Multiple Reviews

Hank Jones: With Oliver Jones & the Great Jazz Trio

By
JOEL ROBERTS,
Joel Roberts

Joel Roberts

CD/DVD Reviewer since 1999

Joel Roberts has been contirbuting to AAJ since its earliest days.

Recent articles (244 total)

Published: May 15, 2010

Oliver Jones and Hank Jones
Pleased to Meet You
Justin Time
2010

The Great Jazz Trio
Moreover
Test of Time
2010

Hank Jones continues his remarkable late-in-life surge of activity with this new release documenting his first-ever recorded encounter with Canadian piano mainstay Oliver Jones. Hank Jones was 90 when Pleased to Meet You was recorded two years ago in Montreal while Oliver Jones was a relative pup at 74. That's a hell of a lot of years between them, but neither man seems impaired by age in the slightest. Hank Jones remains the epitome of understated jazz sophistication, masterfully blending bebop and swing while Oliver Jones, criminally underappreciated in the US, has a more hard-driving style that recalls his mentor Oscar Peterson.
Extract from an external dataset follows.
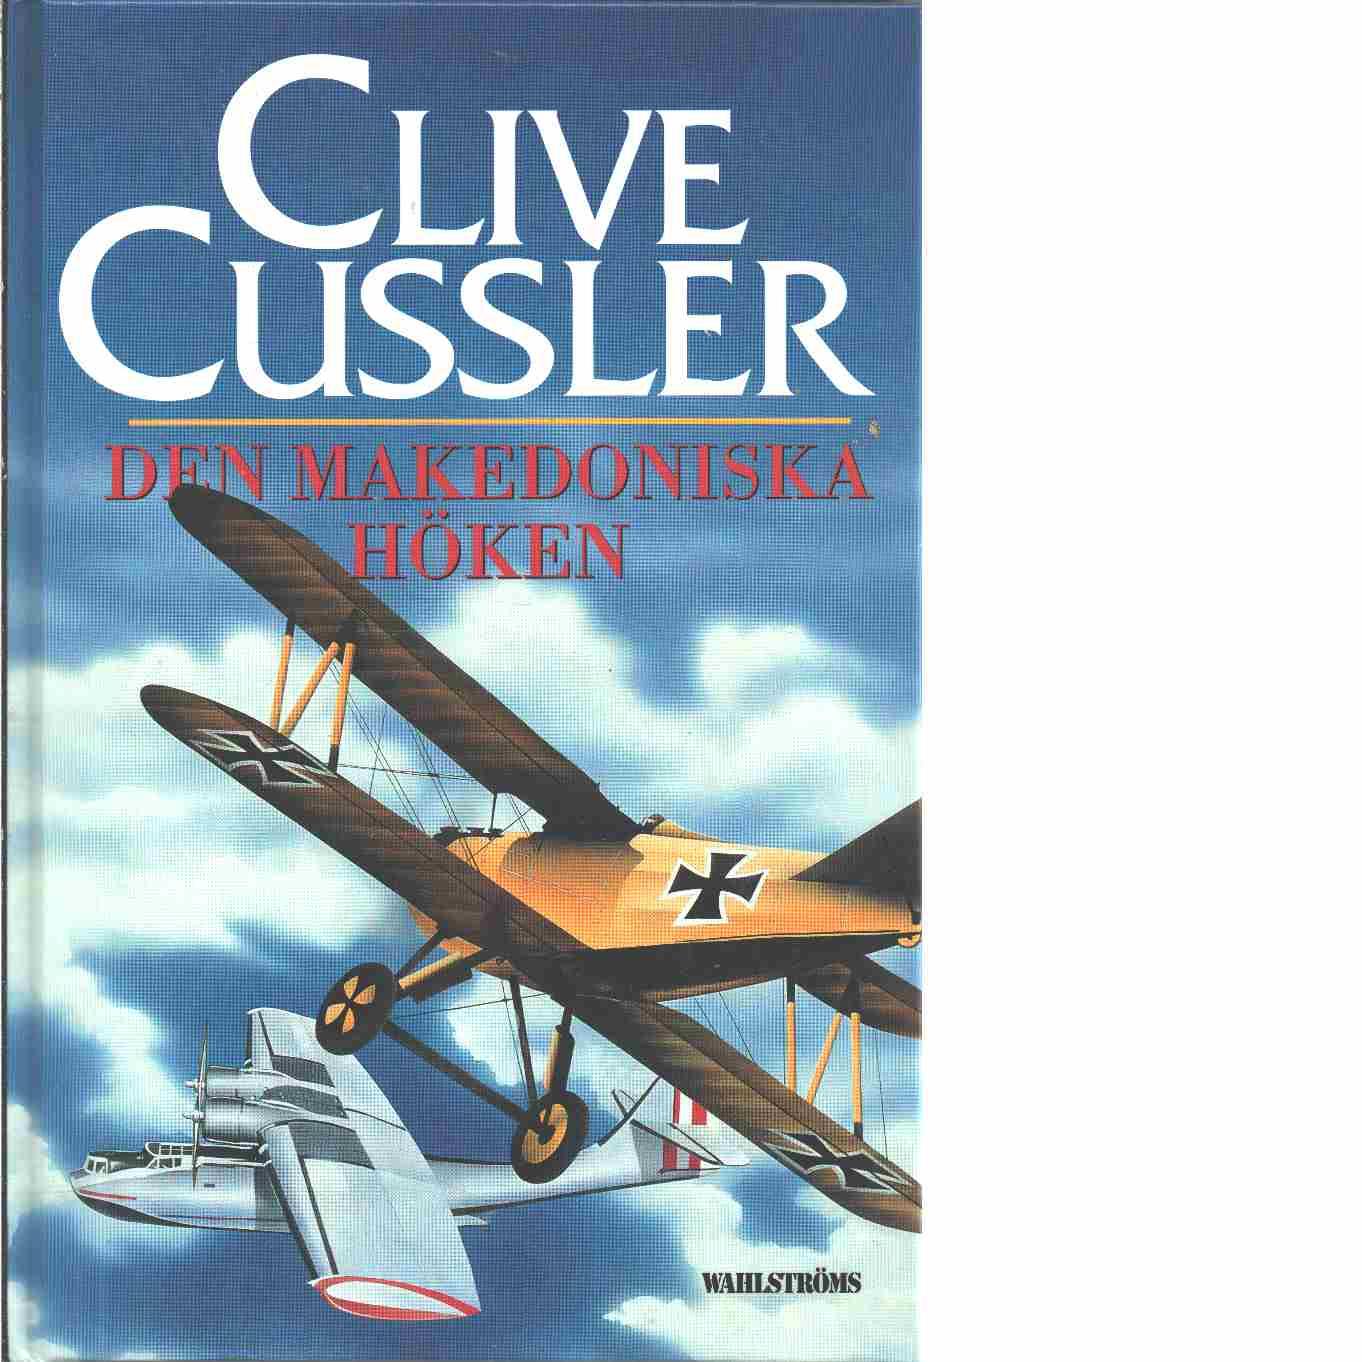 Den makedoniska höken - Cussler, Clive

The album opens with three tunes featuring the two pianos backed by an expressive young rhythm section (bassist Brandi Disterheft and drummer Jim Doxas), but the most memorable tracks are the five duets. Jones and Jones clearly have a ball romping through "Makin' Whoopee" and dig deep into their soul bags on Oscar Peterson's rowdy "Blues for Big Scotia." Peterson is an abiding presence throughout the album and is the subject of a touching tribute from Oliver Jones, "I Remember OP." Hank Jones also gets two solo numbers, including a brief, but brilliant "Monk's Mood," encapsulating a lifetime of jazz piano history into two minutes and thirty-two seconds.

Hank Jones was already a jazz elder statesman 30 years ago, when he made Moreover with bassist Eddie Gomez and drummer Al Foster, one of many top-flight rhythm sections Jones recorded with through the years in what was billed as the Great Jazz Trio. This newly reissued session features Jones and his much younger cohorts, both then in their 30s, on highly interactive takes of originals by all three trio members and some well-chosen standards. Highlights include Jones' bebop workout "Phasar," Foster's breezy bossa nova "Pauletta" and an especially strong version of Charlie Parker's "Scrapple from the Apple," with both Jones and Gomez in the forefront. An unfortunate stab at Stevie Wonder's "My Cherie Amour," with Jones on the Fender Rhodes, is the lone clunker. Still, it's a solid album by three exceptional and exceptionally compatible artists.


Tracks and Personnel

Pleased to Meet You

Tracks: What Am I Here For?; Groove Merchant; Ripples; Makin Whoopie; I'll Remember April; Star Eyes; Blues for Big Scotia; Cakewalk; Monk's Mood; I Remember OP; Lonely Woman.

Personnel: Hank Jones: piano, solo piano (9, 11); Oliver Jones: piano; Brandi Disterheft: bass (1, 2, 3); Jim Doxas: drums (1, 2, 3).

Moreover

Tracks: Moreover; Another World; My Cherie Amour; Just Squeeze Me; Scrapple from the Apple; Aurora's Voice; Phasar; Pauletta.

Personnel: Hank Jones: piano; Eddie Gomez: bass; Al Foster: drums.